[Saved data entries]
------------

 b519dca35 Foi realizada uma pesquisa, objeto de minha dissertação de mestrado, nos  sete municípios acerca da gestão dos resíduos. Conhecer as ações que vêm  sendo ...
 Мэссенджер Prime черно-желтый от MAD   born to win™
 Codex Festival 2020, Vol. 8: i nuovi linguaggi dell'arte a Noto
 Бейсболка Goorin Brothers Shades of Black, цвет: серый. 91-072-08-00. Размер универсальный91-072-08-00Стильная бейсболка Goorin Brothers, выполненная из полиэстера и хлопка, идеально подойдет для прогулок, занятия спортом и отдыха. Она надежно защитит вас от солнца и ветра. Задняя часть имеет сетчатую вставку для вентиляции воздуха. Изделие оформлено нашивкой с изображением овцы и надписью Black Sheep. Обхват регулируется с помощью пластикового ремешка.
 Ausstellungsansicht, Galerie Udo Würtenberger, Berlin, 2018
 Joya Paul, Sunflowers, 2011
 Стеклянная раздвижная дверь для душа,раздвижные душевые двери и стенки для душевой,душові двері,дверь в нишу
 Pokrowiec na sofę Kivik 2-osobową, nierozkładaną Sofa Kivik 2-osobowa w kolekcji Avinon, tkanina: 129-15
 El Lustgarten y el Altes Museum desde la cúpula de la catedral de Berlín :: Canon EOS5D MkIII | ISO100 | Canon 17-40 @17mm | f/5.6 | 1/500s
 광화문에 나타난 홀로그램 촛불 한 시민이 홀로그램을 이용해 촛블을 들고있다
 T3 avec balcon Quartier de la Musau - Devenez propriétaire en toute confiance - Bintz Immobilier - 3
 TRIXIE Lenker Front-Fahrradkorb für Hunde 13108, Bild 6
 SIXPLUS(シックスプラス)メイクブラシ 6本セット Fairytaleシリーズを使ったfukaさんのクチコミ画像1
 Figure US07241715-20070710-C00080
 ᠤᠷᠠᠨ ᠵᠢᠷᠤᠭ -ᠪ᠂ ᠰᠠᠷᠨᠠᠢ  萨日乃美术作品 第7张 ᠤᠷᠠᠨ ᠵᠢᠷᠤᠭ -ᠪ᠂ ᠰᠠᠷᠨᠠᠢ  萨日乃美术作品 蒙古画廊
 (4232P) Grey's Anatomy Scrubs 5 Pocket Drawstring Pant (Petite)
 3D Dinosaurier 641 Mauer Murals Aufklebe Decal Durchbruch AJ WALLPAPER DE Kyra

------------

The problem – Look above for the line with "Мэссенджер Prime черно-желтый" and the line with "Figure US07241715-20070710-C00080". Retype those two lines and every line between them exactly, adding nothing.

Your response –
 Мэссенджер Prime черно-желтый от MAD   born to win™
 Codex Festival 2020, Vol. 8: i nuovi linguaggi dell'arte a Noto
 Бейсболка Goorin Brothers Shades of Black, цвет: серый. 91-072-08-00. Размер универсальный91-072-08-00Стильная бейсболка Goorin Brothers, выполненная из полиэстера и хлопка, идеально подойдет для прогулок, занятия спортом и отдыха. Она надежно защитит вас от солнца и ветра. Задняя часть имеет сетчатую вставку для вентиляции воздуха. Изделие оформлено нашивкой с изображением овцы и надписью Black Sheep. Обхват регулируется с помощью пластикового ремешка.
 Ausstellungsansicht, Galerie Udo Würtenberger, Berlin, 2018
 Joya Paul, Sunflowers, 2011
 Стеклянная раздвижная дверь для душа,раздвижные душевые двери и стенки для душевой,душові двері,дверь в нишу
 Pokrowiec na sofę Kivik 2-osobową, nierozkładaną Sofa Kivik 2-osobowa w kolekcji Avinon, tkanina: 129-15
 El Lustgarten y el Altes Museum desde la cúpula de la catedral de Berlín :: Canon EOS5D MkIII | ISO100 | Canon 17-40 @17mm | f/5.6 | 1/500s
 광화문에 나타난 홀로그램 촛불 한 시민이 홀로그램을 이용해 촛블을 들고있다
 T3 avec balcon Quartier de la Musau - Devenez propriétaire en toute confiance - Bintz Immobilier - 3
 TRIXIE Lenker Front-Fahrradkorb für Hunde 13108, Bild 6
 SIXPLUS(シックスプラス)メイクブラシ 6本セット Fairytaleシリーズを使ったfukaさんのクチコミ画像1
 Figure US07241715-20070710-C00080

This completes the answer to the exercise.